It would have been hard, therefore, for Browning to have chosen a
better example for his study of intellectual egotism than Paracelsus.
Modern life accuses the mediæval tradition of crushing the intellect;
Browning, with a truer instinct, accuses that tradition of
over-glorifying it. There is, however, another and even more important
deduction to be made from the moral of _Paracelsus_. The usual
accusation against Browning is that he was consumed with logic; that
he thought all subjects to be the proper pabulum of intellectual
disquisition; that he gloried chiefly in his own power of plucking
knots to pieces and rending fallacies in two; and that to this method
he sacrificed deliberately, and with complete self-complacency, the
element of poetry and sentiment. To people who imagine Browning to
have been this frigid believer in the intellect there is only one
answer necessary or sufficient.

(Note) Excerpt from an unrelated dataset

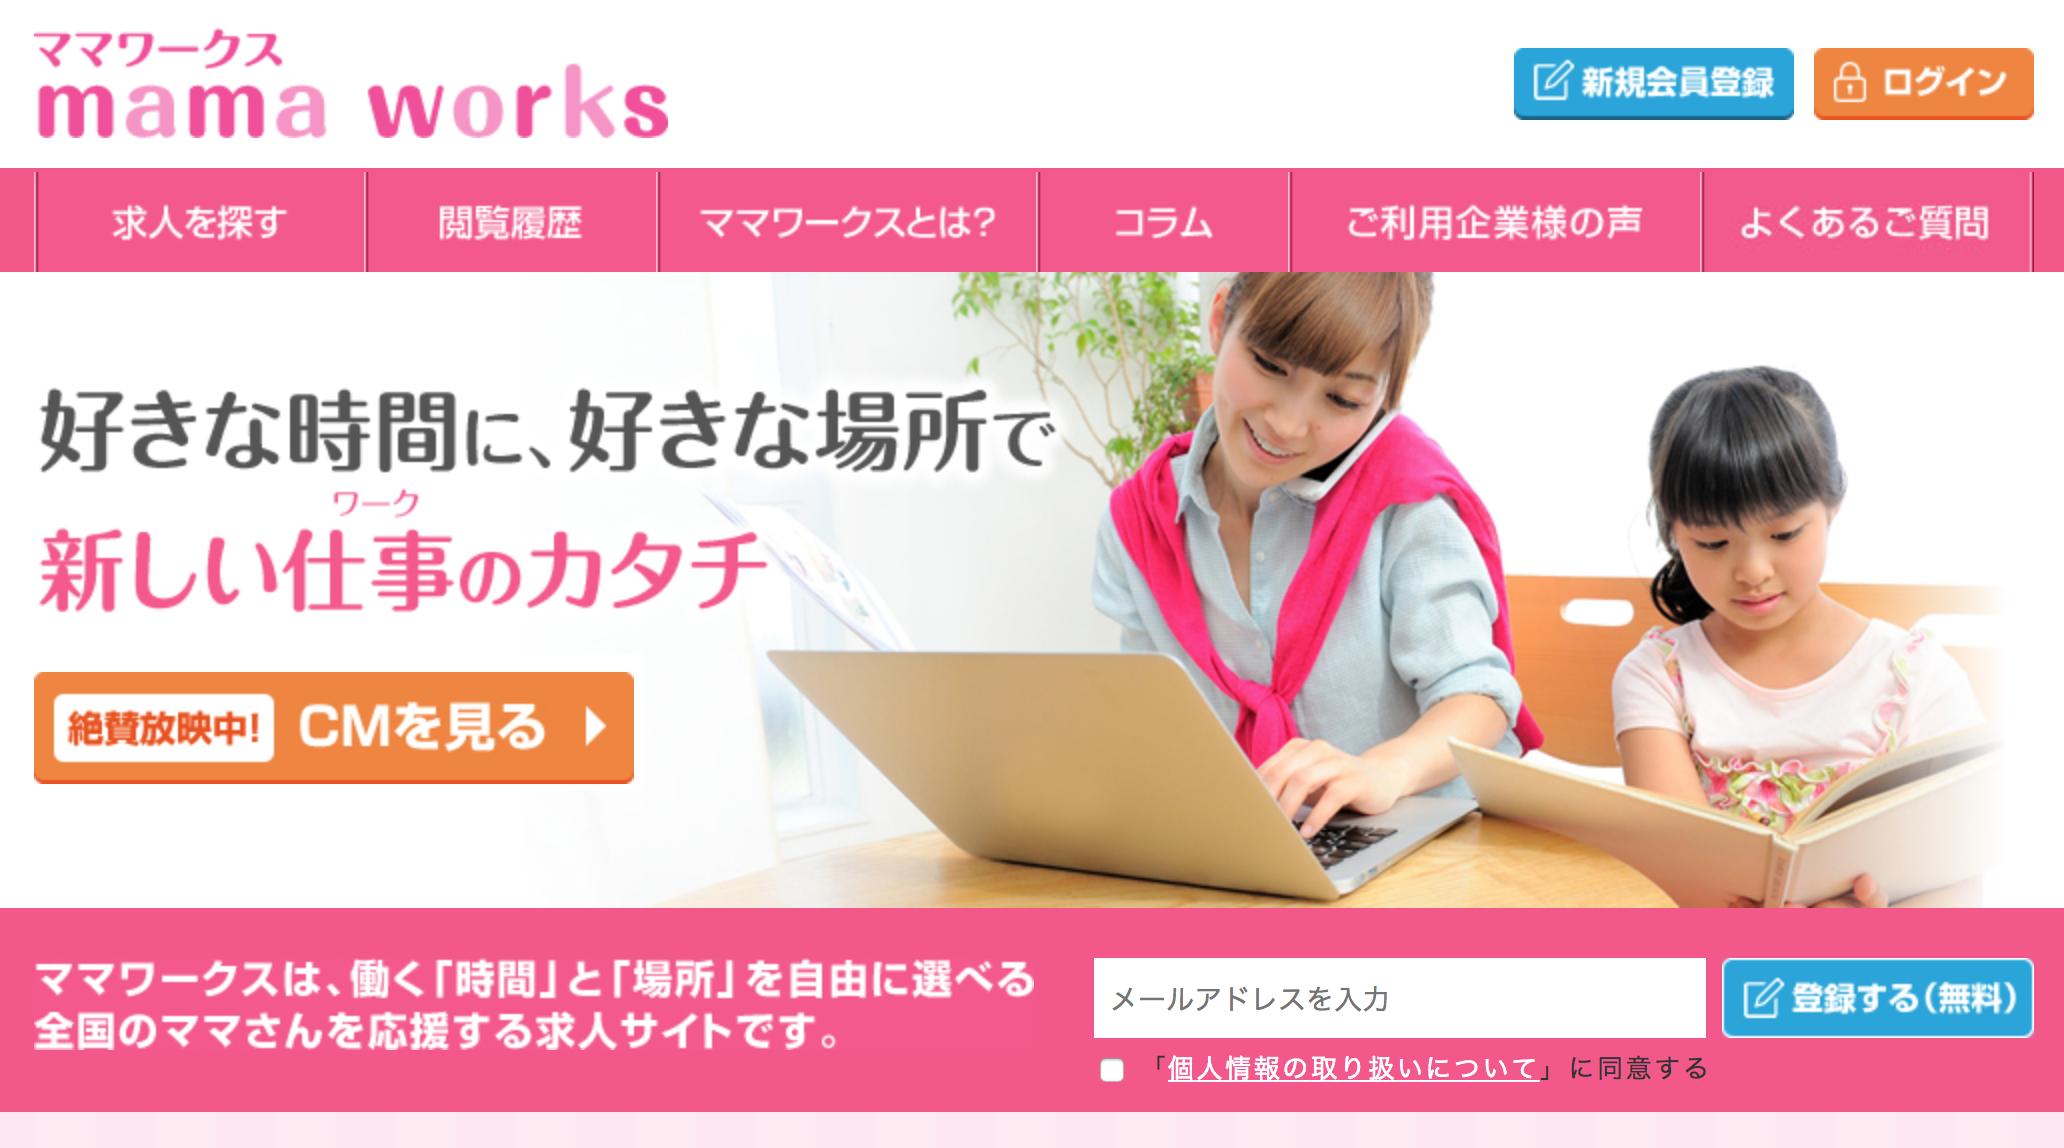 働く「時間」と「場所」を自由に選べる主婦のための求人応援サイト「ママワークス」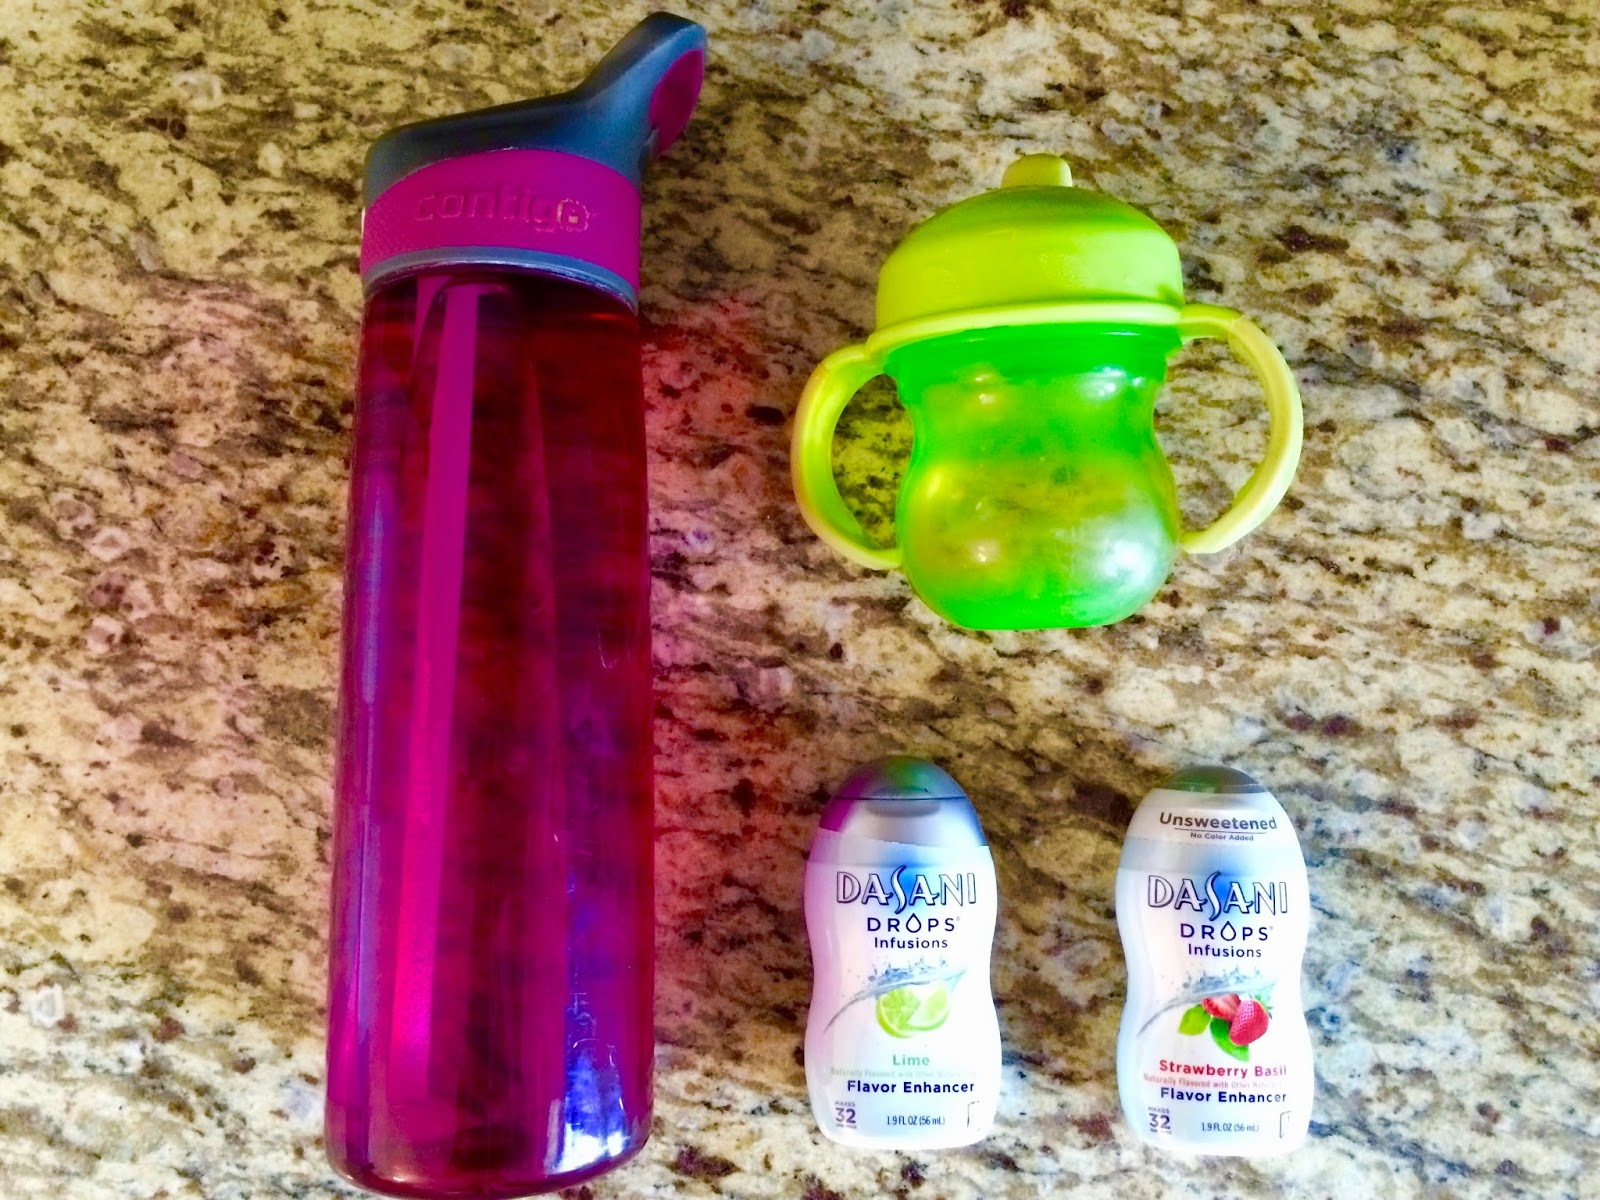 dasani, active families, flavor enhancer

It is the fact that he wrote a play
designed to destroy the whole of this intellectualist fallacy at the
age of twenty-three.
_Paracelsus_ was in all likelihood Browning's introduction to the
literary world. It was many years, and even many decades, before he
had anything like a public appreciation, but a very great part of the
minority of those who were destined to appreciate him came over to his
standard upon the publication of _Paracelsus_. The celebrated John
Forster had taken up _Paracelsus_ "as a thing to slate," and had ended
its perusal with the wildest curiosity about the author and his works.
John Stuart Mill, never backward in generosity, had already interested
himself in Browning, and was finally converted by the same poem. Among
other early admirers were Landor, Leigh Hunt, Horne, Serjeant
Talfourd, and Monckton-Milnes. One man of even greater literary
stature seems to have come into Browning's life about this time, a man
for whom he never ceased to have the warmest affection and trust.
Browning was, indeed, one of the very few men of that period who got
on perfectly with Thomas Carlyle. It is precisely one of those little
things which speak volumes for the honesty and unfathomable good
humour of Browning, that Carlyle, who had a reckless contempt for most
other poets of his day, had something amounting to a real attachment
to him. He would run over to Paris for the mere privilege of dining
with him. Browning, on the other hand, with characteristic
impetuosity, passionately defended and justified Carlyle in all
companies. "I have just seen dear Carlyle," he writes on one occasion;
"catch me calling people dear in a hurry, except in a letter
beginning." He sided with Carlyle in the vexed question of the Carlyle
domestic relations, and his impression of Mrs. Carlyle was that she
was "a hard unlovable woman." As, however, it is on record that he
once, while excitedly explaining some point of mystical philosophy,
put down Mrs. Carlyle's hot kettle on the hearthrug, any frigidity
that he may have observed in her manner may possibly find a natural
explanation. His partisanship in the Carlyle affair, which was
characteristically headlong and human, may not throw much light on
that painful problem itself, but it throws a great deal of light on
the character of Browning, which was pugnaciously proud of its
friends, and had what may almost be called a lust of loyalty. Browning
was not capable of that most sagacious detachment which enabled
Tennyson to say that he could not agree that the Carlyles ought never
to have married, since if they had each married elsewhere there would
have been four miserable people instead of two.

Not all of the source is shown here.